Data excerpt:

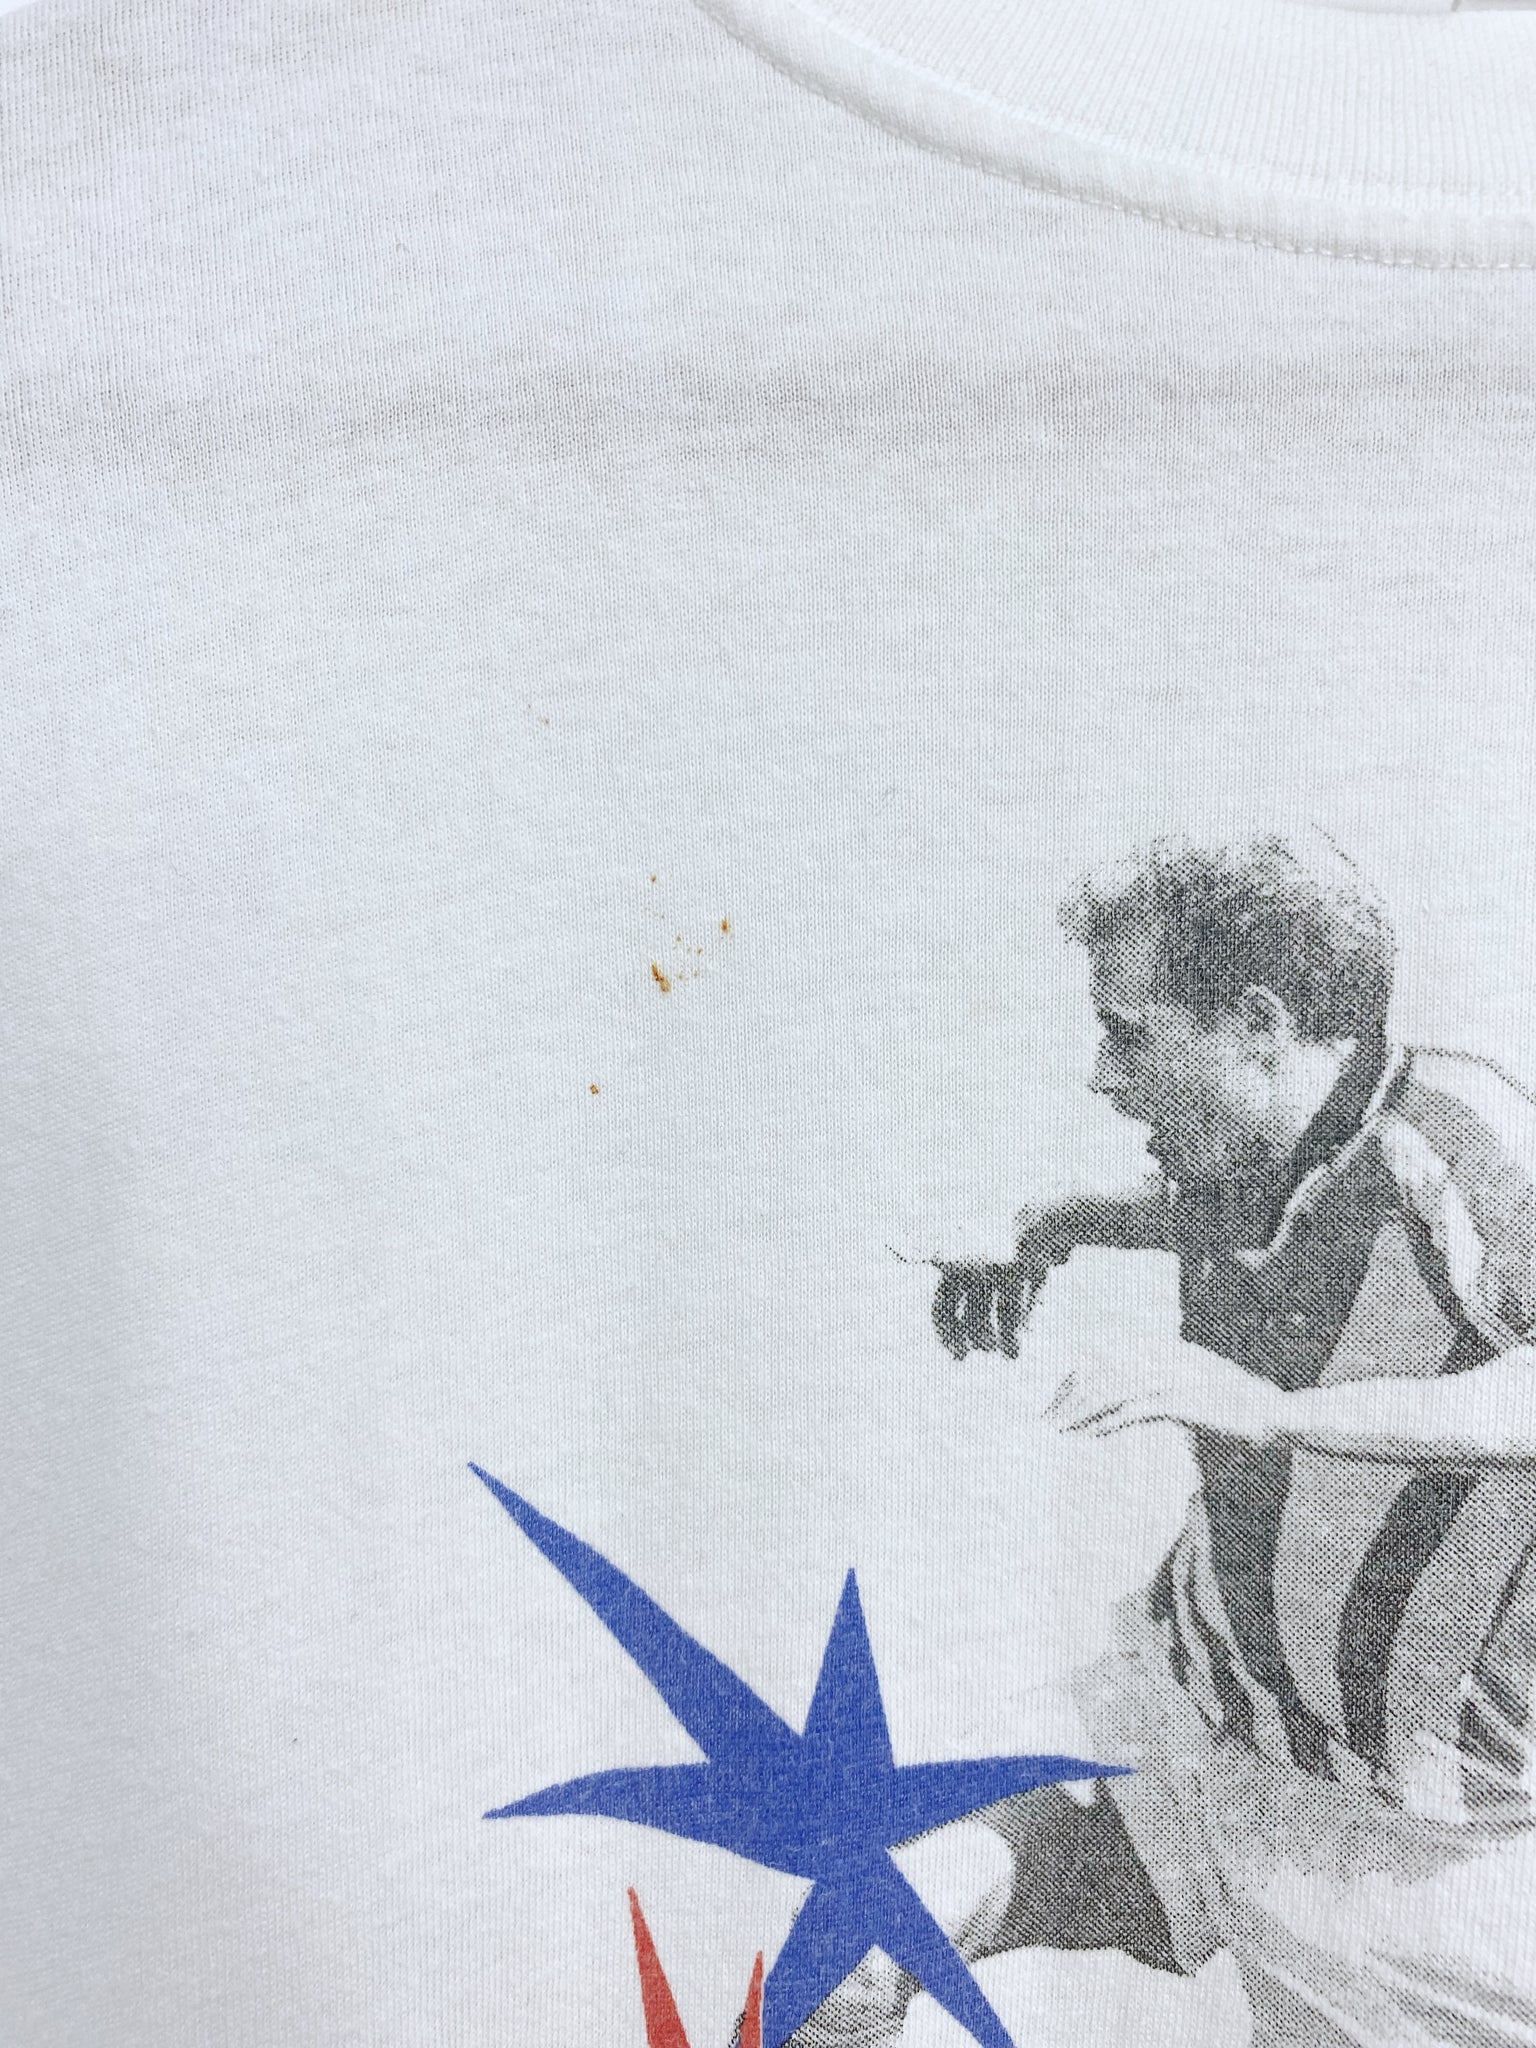 Vintage 1998 France Soccer T-shirt L
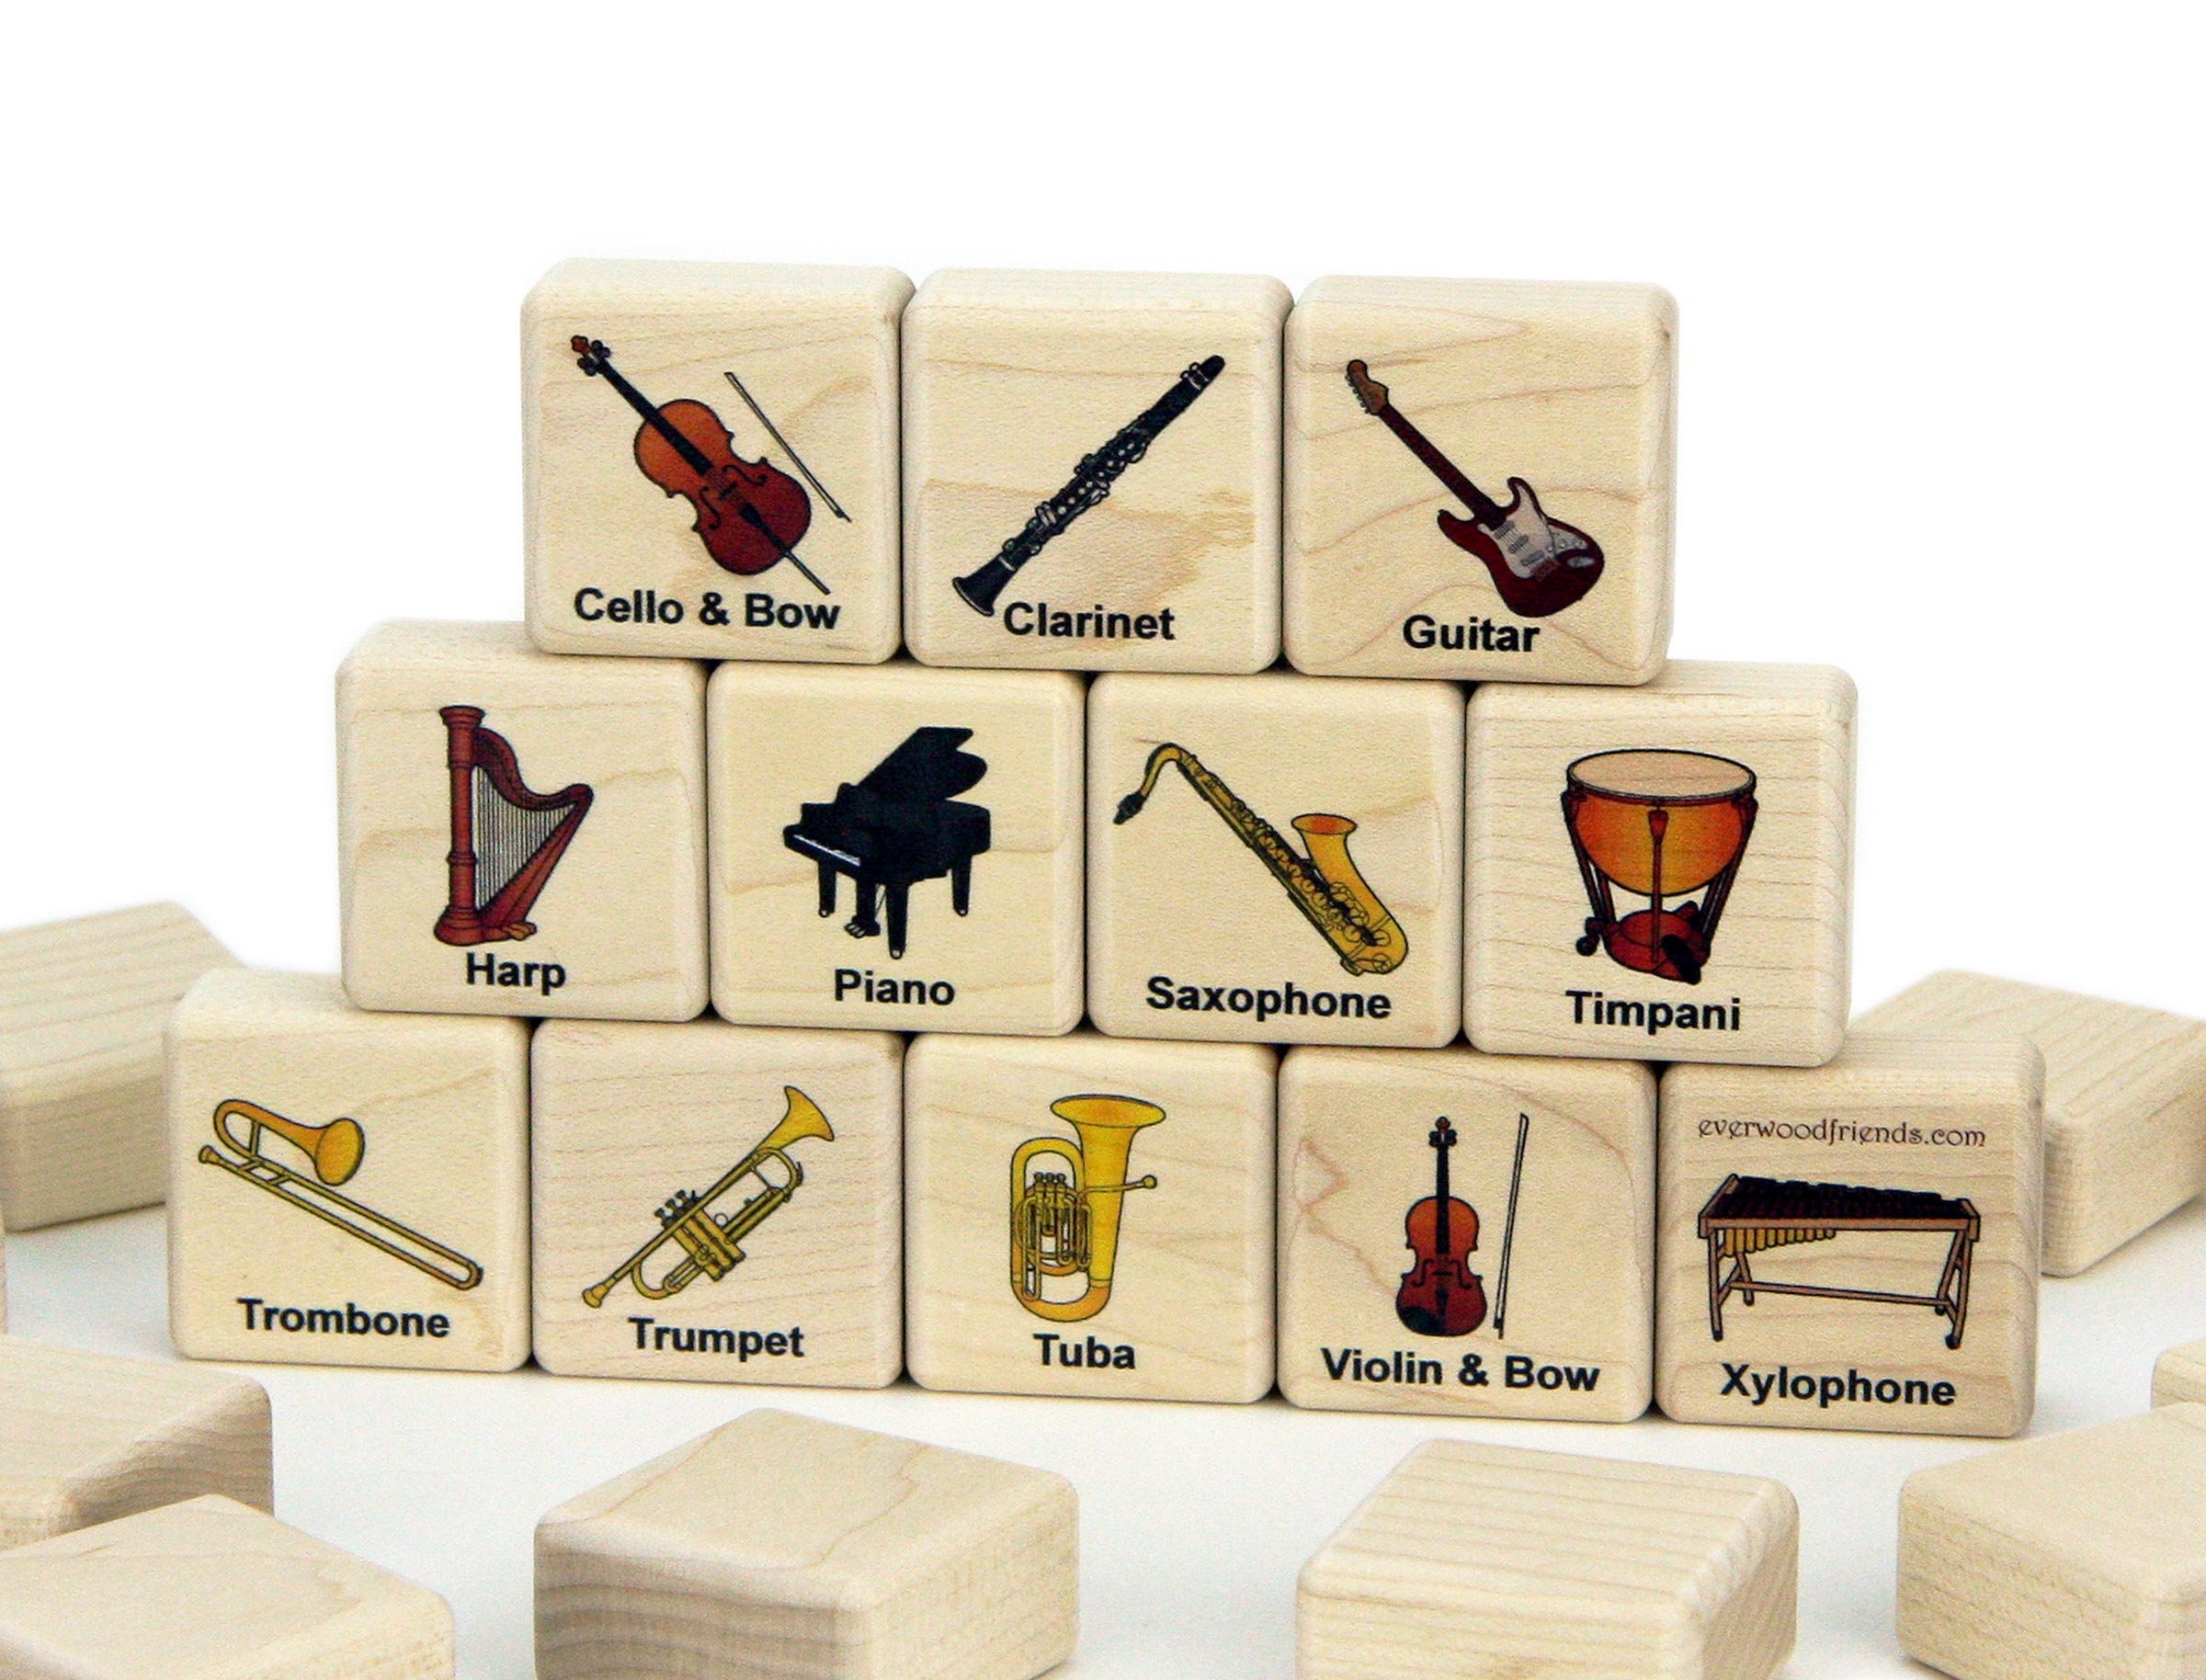 Instruments pour enfants en bois naturel jaune
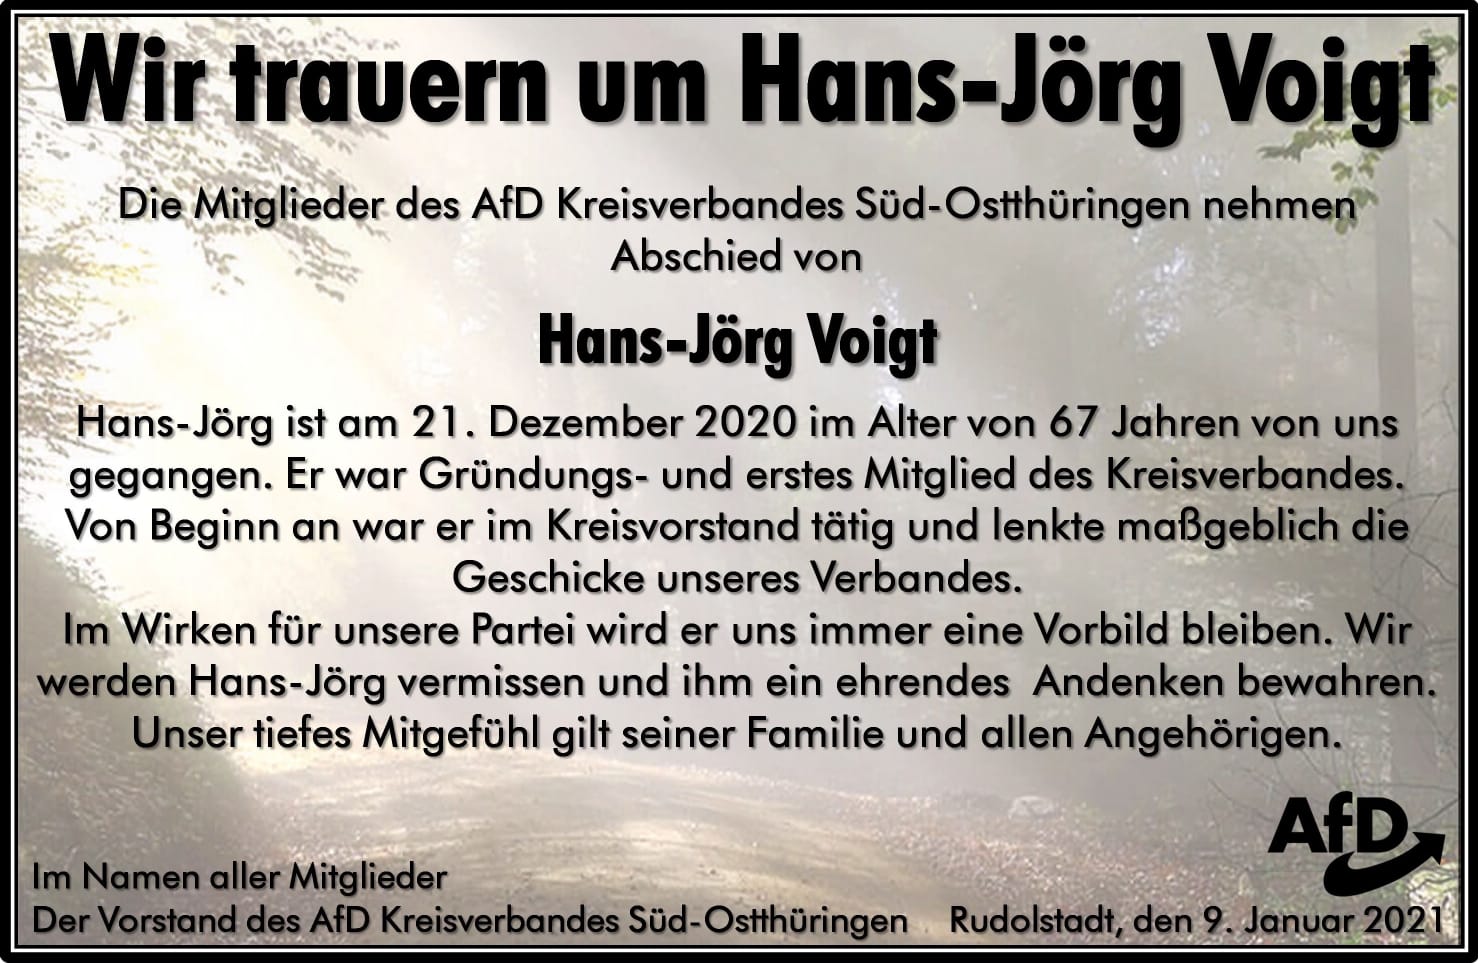 Traueranzeige Hans Jörg Voigt

What is being asked: Write out the data above exactly as it appears, but without any image.

Response area:
 Vintage 1998 France Soccer T-shirt L
 Instruments pour enfants en bois naturel jaune
 Traueranzeige Hans Jörg Voigt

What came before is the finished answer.